* GIVEN INFORMATION

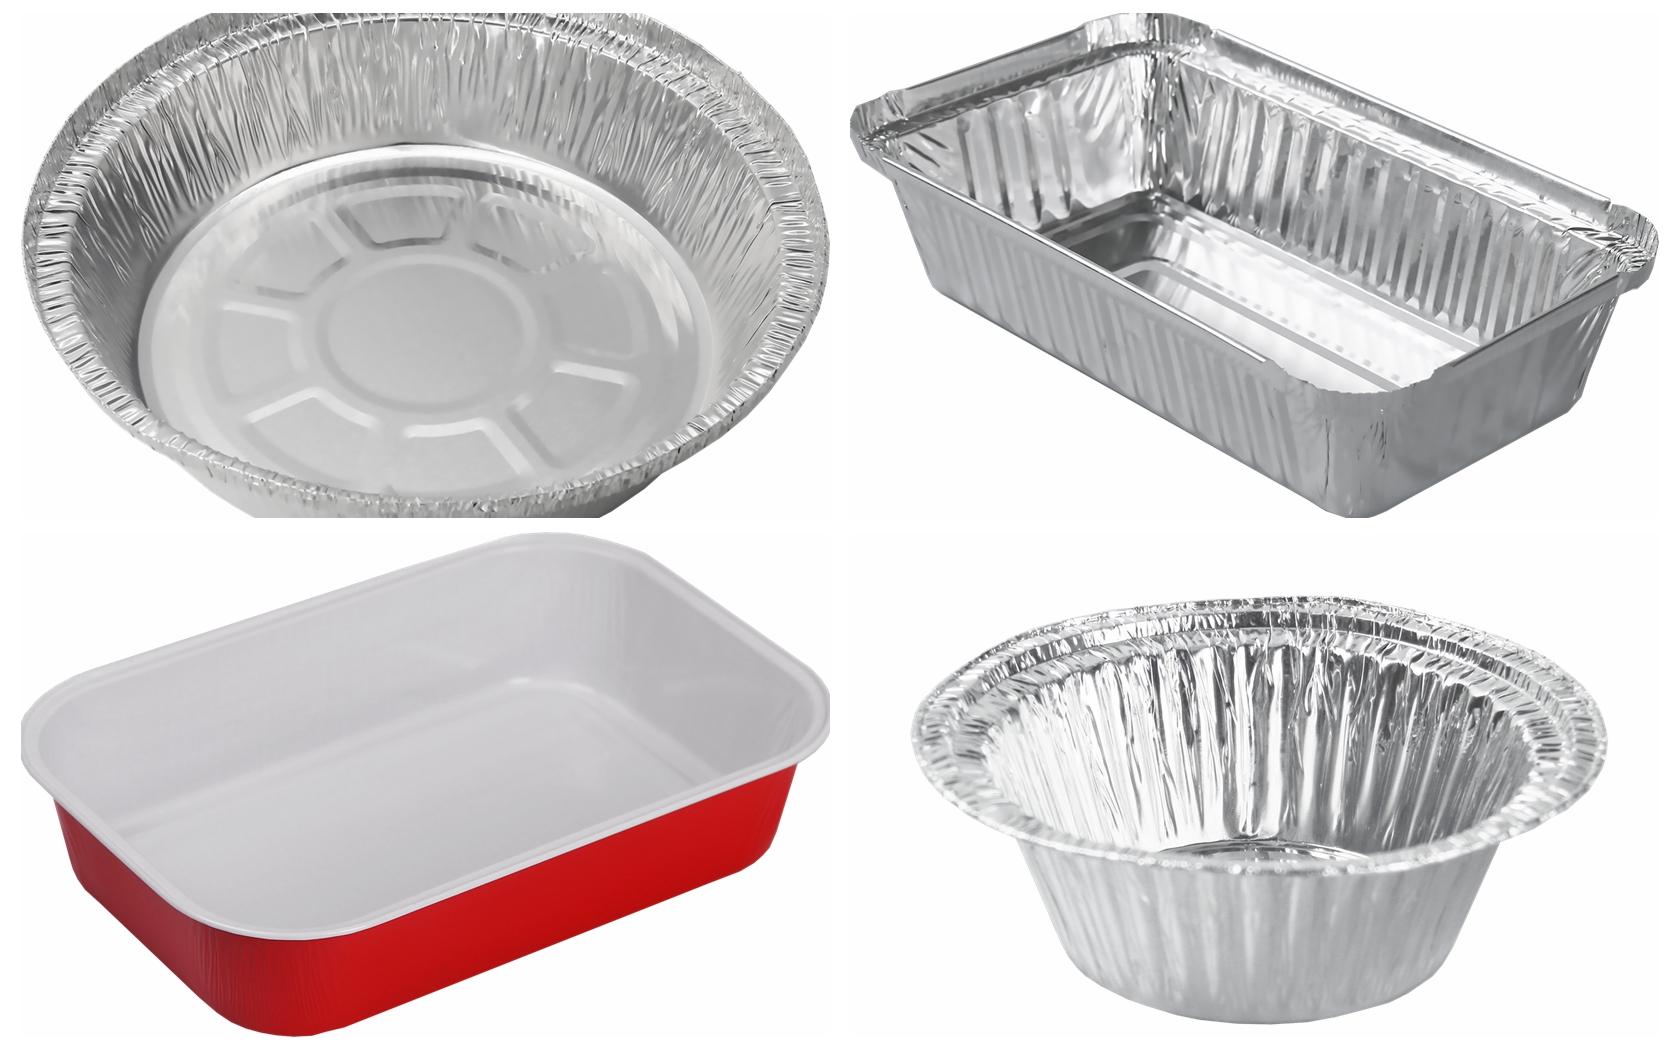 aluminum foil tray for cake baking
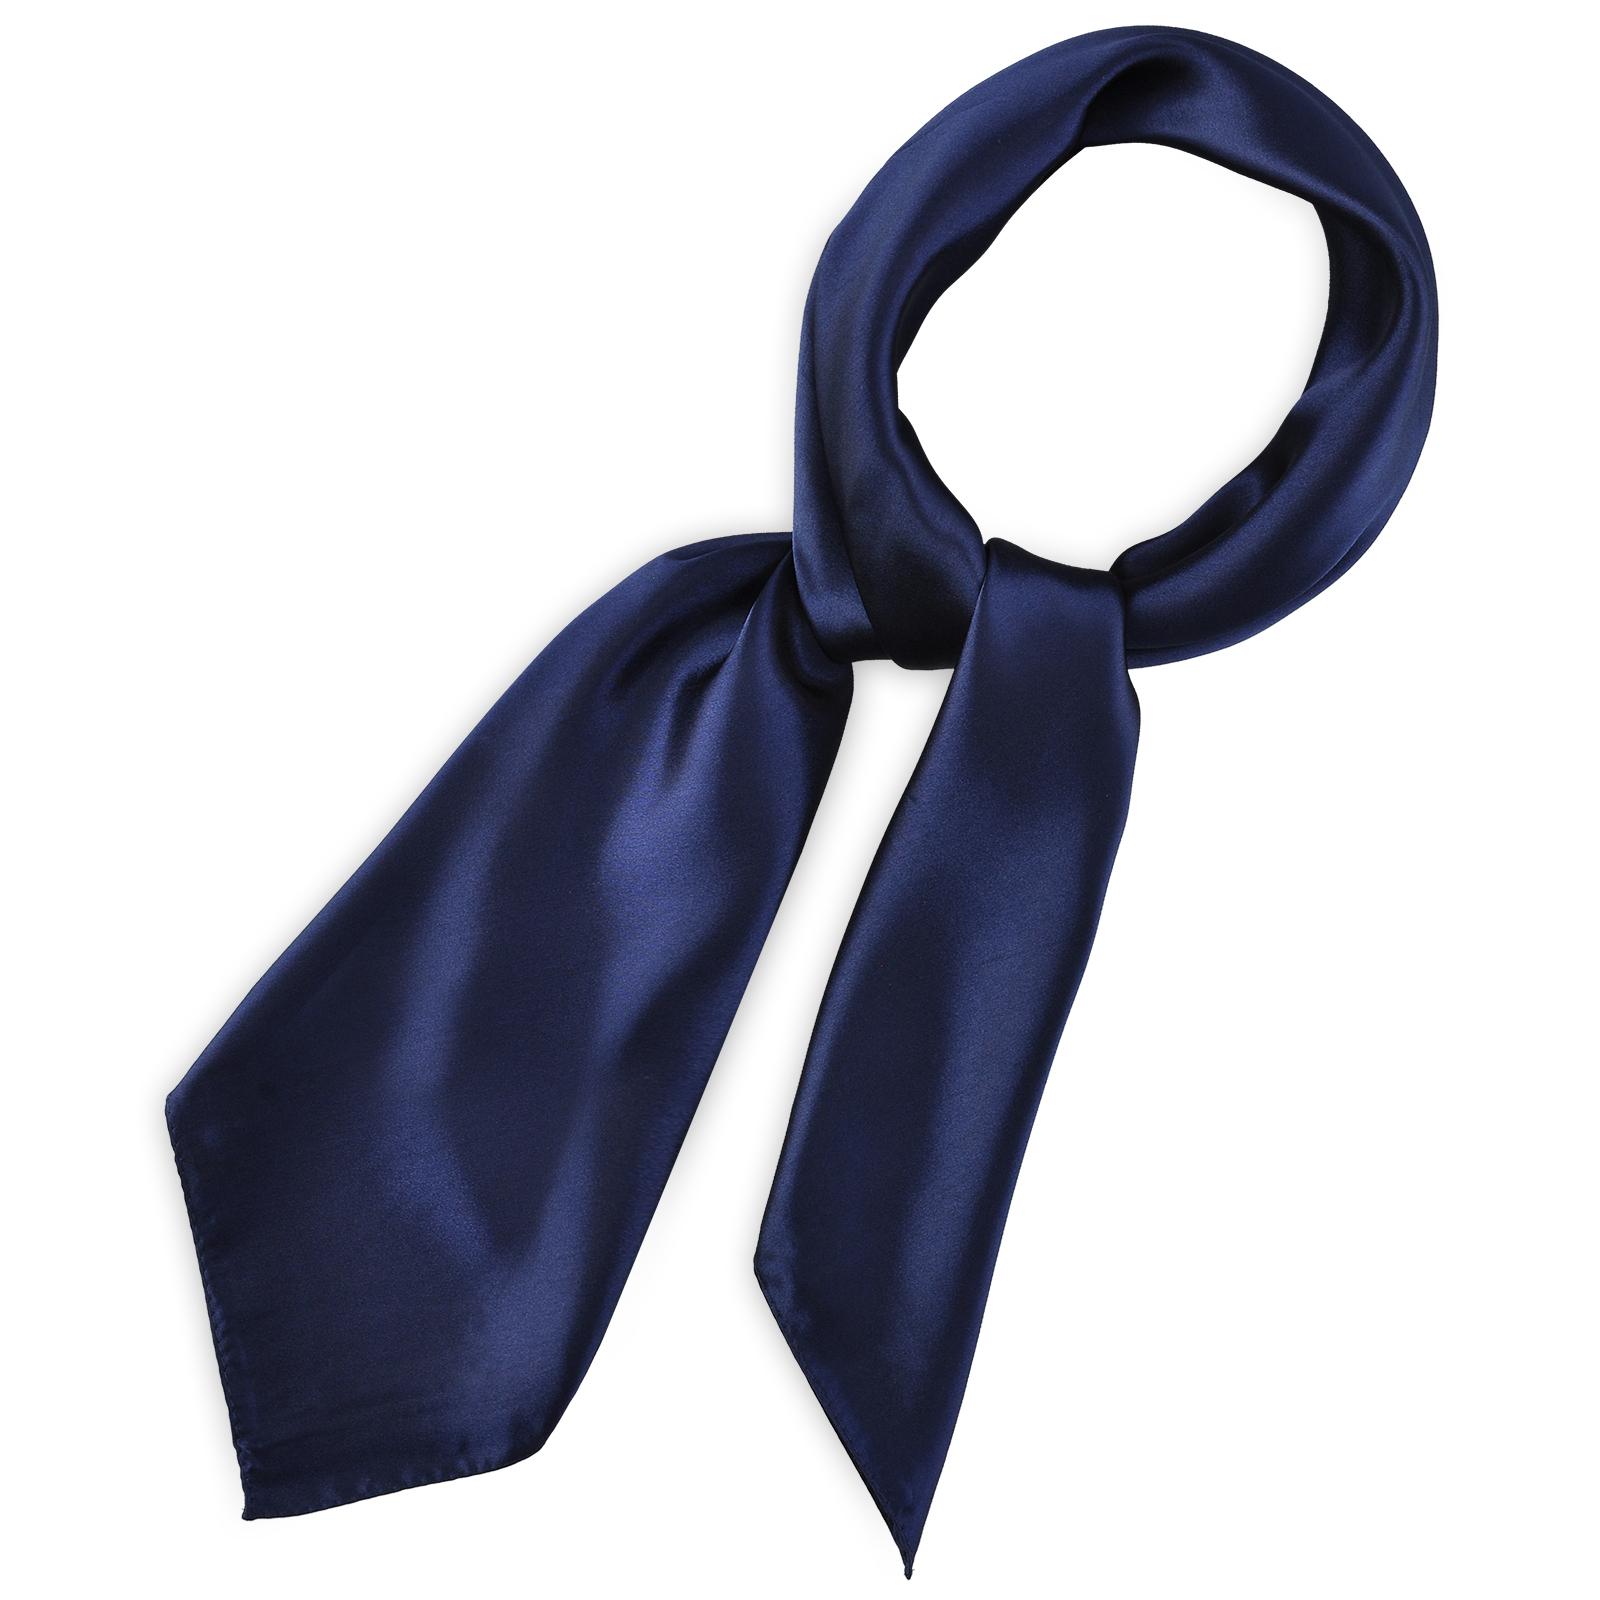 Royaume-Uni promotion spéciale style unique Foulard Carré Bleu Marine Gala
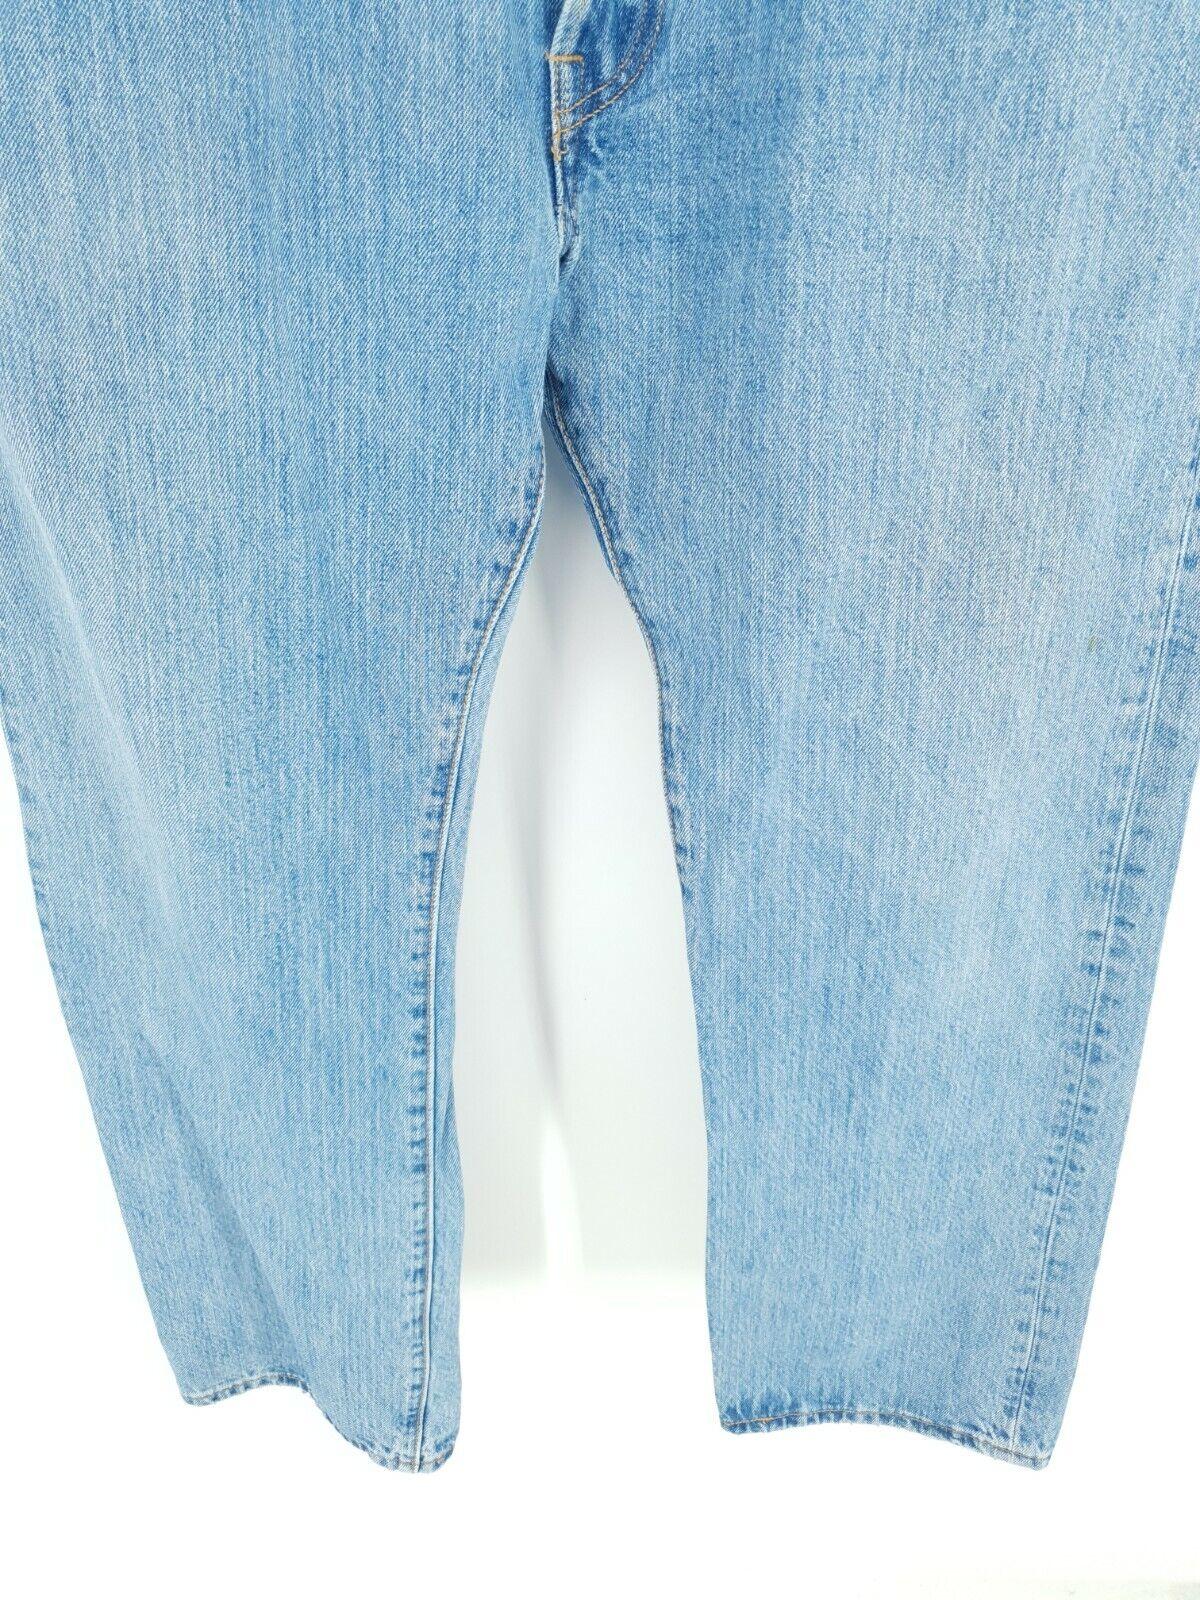 Vintage  Levis 501 XX Jeans Mens 36x30 Distressed… - image 3
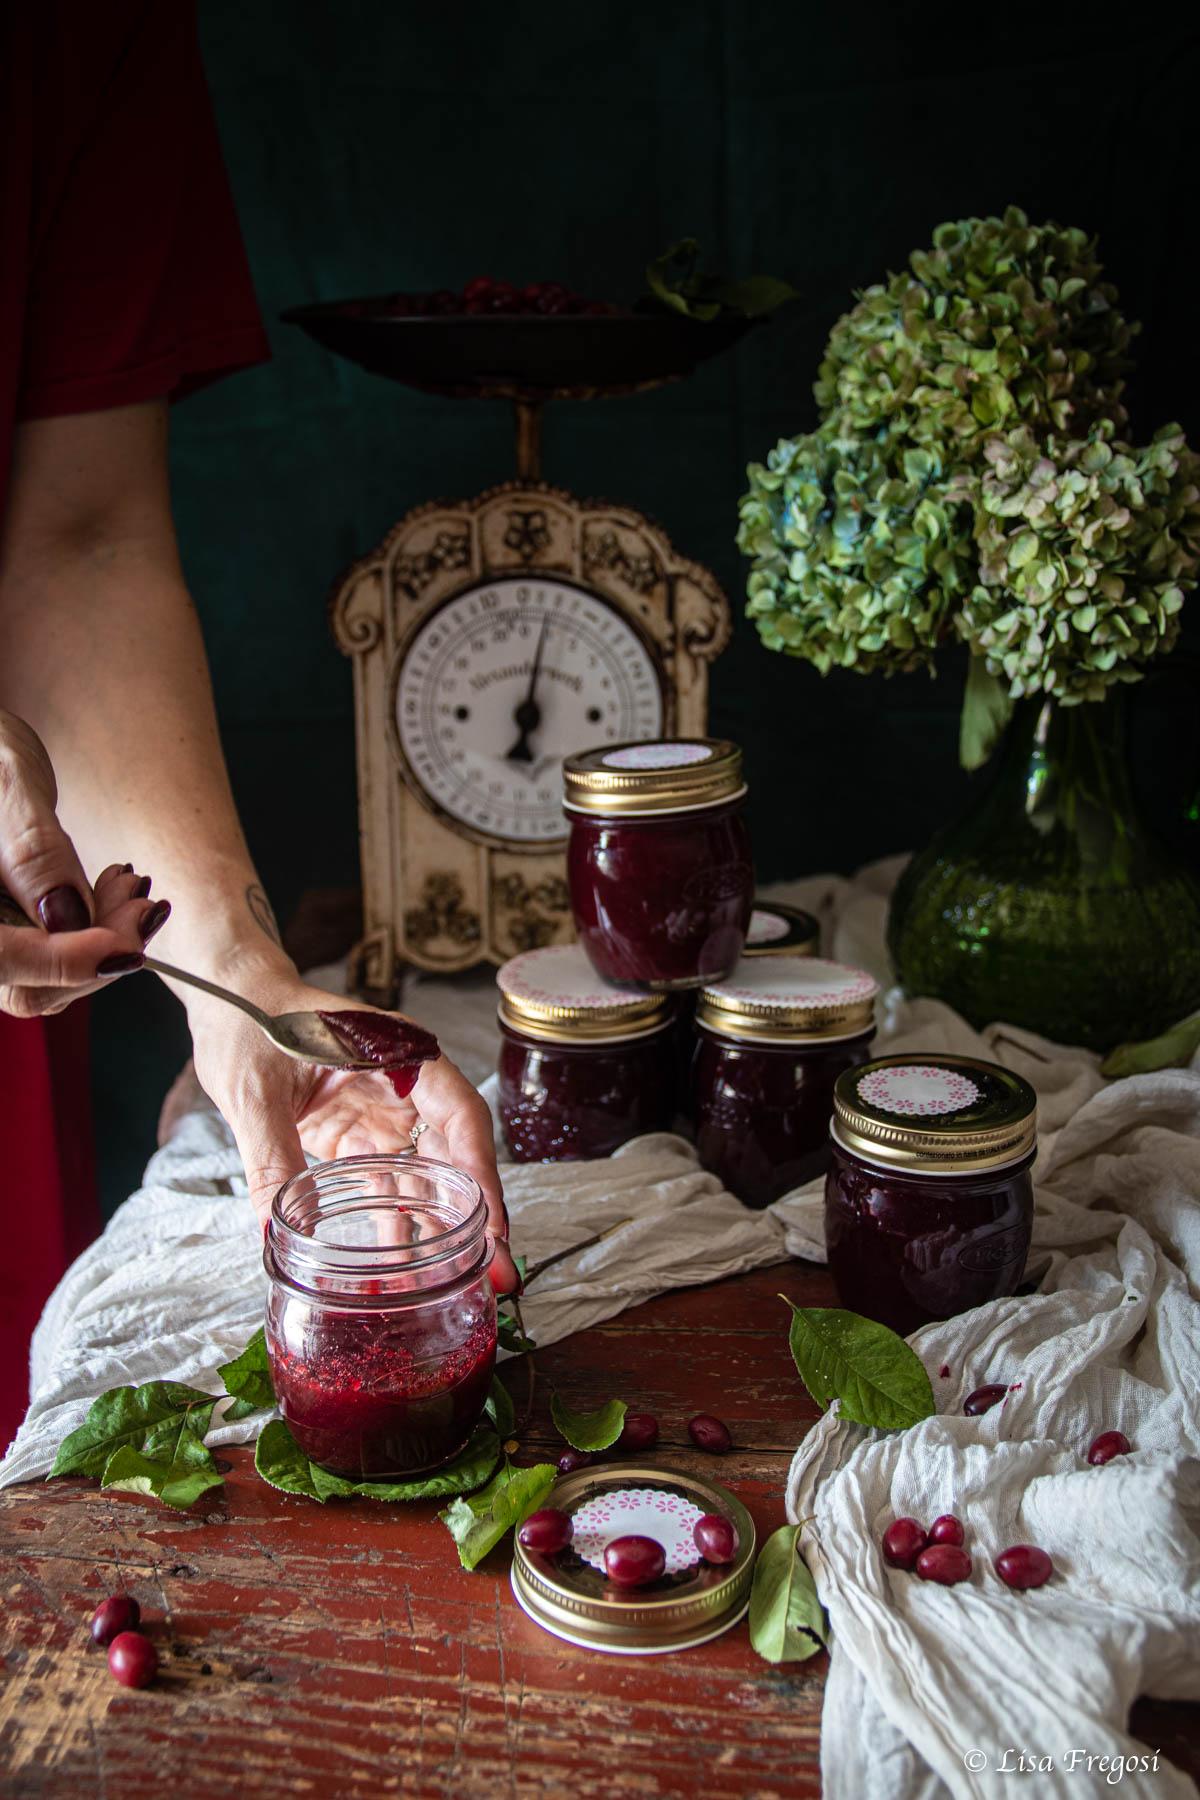 corniole ciliegie corniole frutto corniole in cucina

* AIM OF THE EXERCISE
Output all of the data above exactly; no pictures should appear.

* REPLY TO THE TASK
 aluminum foil tray for cake baking
 Royaume-Uni promotion spéciale style unique Foulard Carré Bleu Marine Gala
 Vintage  Levis 501 XX Jeans Mens 36x30 Distressed… - image 3
 corniole ciliegie corniole frutto corniole in cucina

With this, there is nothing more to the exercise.